Work Requirements Don’t Work – SNAP Proposal Would Leave Thousands Struggling to Afford Food

April 27, 2018 by Shamekka Kuykendall in Blog, Economic Opportunity, Health

Thousands of Marylanders would have a harder time affording sufficient, healthy food under provisions in the proposed federal Agriculture and Nutrition Act of 2018 (also known as the “farm bill”). The current provisions add aggressive new work requirements and state mandates and would require increased paperwork and staff at state agencies. If enacted, these provisions would endanger the millions of people nationwide who get food assistance through the Supplemental Nutritional Assistance Program (SNAP) and over-burden state and local government agencies delivering these services.

SNAP is the main nutrition program in the United States. In 2017, SNAP provided 42 million people nationwide, including 684,000 Marylanders, with assistance that helped them to put food on their table, and fill the gap between having enough to eat and going hungry. SNAP recipients include children, seniors, people with disabilities, low-wage workers, and many more. In addition to the immediate positive effects of SNAP, research shows that the program improves long-term health and education outcomes for recipients, particularly children.

The main change proposed in the farm bill is the addition of the work requirements for SNAP recipients. The provisions require people aged 18 to 59, who are not pregnant and do not have children under age 6, to work or participate in a job training program at least 20 hours per week. If they fail to meet these requirements, they will lose their food assistance.

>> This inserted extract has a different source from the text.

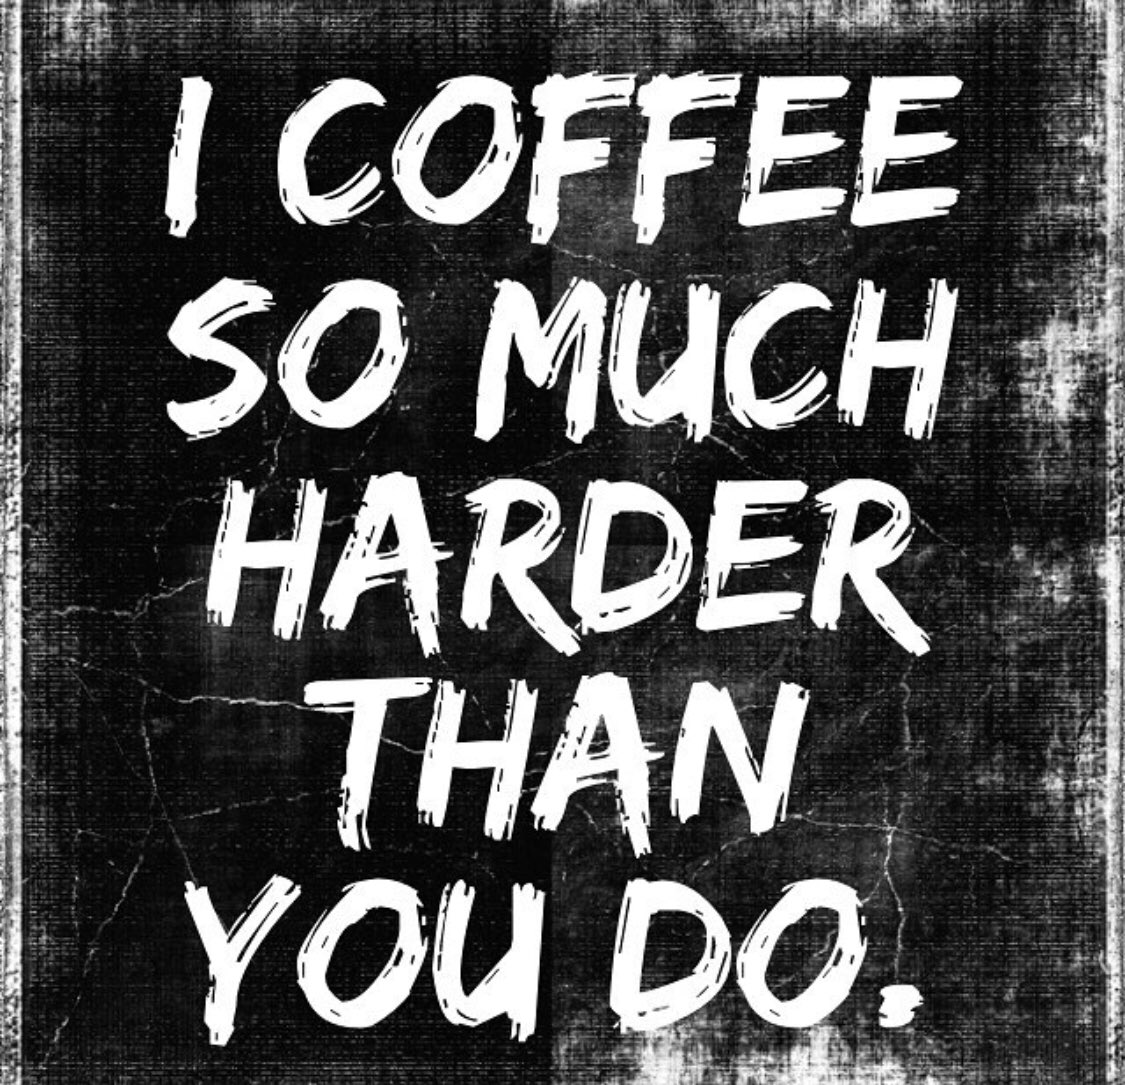 wiredcoffeebar (@GetWiredCoffee) | Twitter

These new work requirements impose both administrative and financial burdens on states. Under the proposed work requirements, states would need to create massive tracking systems to document SNAP participation for millions of people. To fund this new administrative requirement, the plan would use a portion of the resulting savings from benefit enhancements, which are deducted in determining a household’s benefit level. The net effect of these provisions result in a budget cut that will either decrease benefit amounts or drop a substantial number of people from the program. Redirecting funding from helping people get the food they need to paperwork is a waste of resources that actively prevents people from finding and keeping work.

More importantly, SNAP already has work requirements. Working-age adults receiving SNAP are expected to search for and accept work. Adults without dependent children can only receive benefi­ts for 3 months out of every three years if they are not working or participating in work-like activities for at least 20 hours per week. Among Maryland SNAP participants who are working age and do not have a disability, 74 percent are working or looking for work. Enacting stricter work requirements is unnecessary.

The bill also ignores crucial lessons from existing work requirements for low-income parents who receive income support through the Temporary Assistance for Needy Families (TANF) program, known in Maryland as Temporary Cash Assistance (TCA). Work requirements often fail in achieving their goal of creating economic mobility and self-sufficiency. They do this in two ways:

  1. Public assistance work requirements do not help people find living-wage jobs – rather, people find jobs in which their earnings remain low. As reported in the University of Maryland’s Life after Welfare research series, in the year before receiving TCA, earnings for nine in 10 (92%) families were below the poverty threshold. In the year after exit, 86% of families had earnings this low. Five years after exit, 81% had poverty-level earnings.
  2. Work requirements do and could create burdensome administrative procedures that affect many people eligible for safety net programs. Studies have shown that even with work requirements, people lose access to benefits due to administrative reasons such as not completing paperwork on time, not receiving notices, or office errors.

To maintain self-sufficiency, people need access to jobs with a living wage, access to skill development programs, and benefits that provide food, housing, and access to healthcare – not a job requirement for public assistance. SNAP not only provides a modest food benefit to families, but it is also good for the local economy. Every $1 increase in SNAP payments generates $1.73 of economic activity. SNAP recipients in Maryland received $987 million in benefits in 2017, generating economic activity in Maryland. It is important for lawmakers to make changes that enhance the outcomes of the SNAP program, not repeating past welfare reform failures.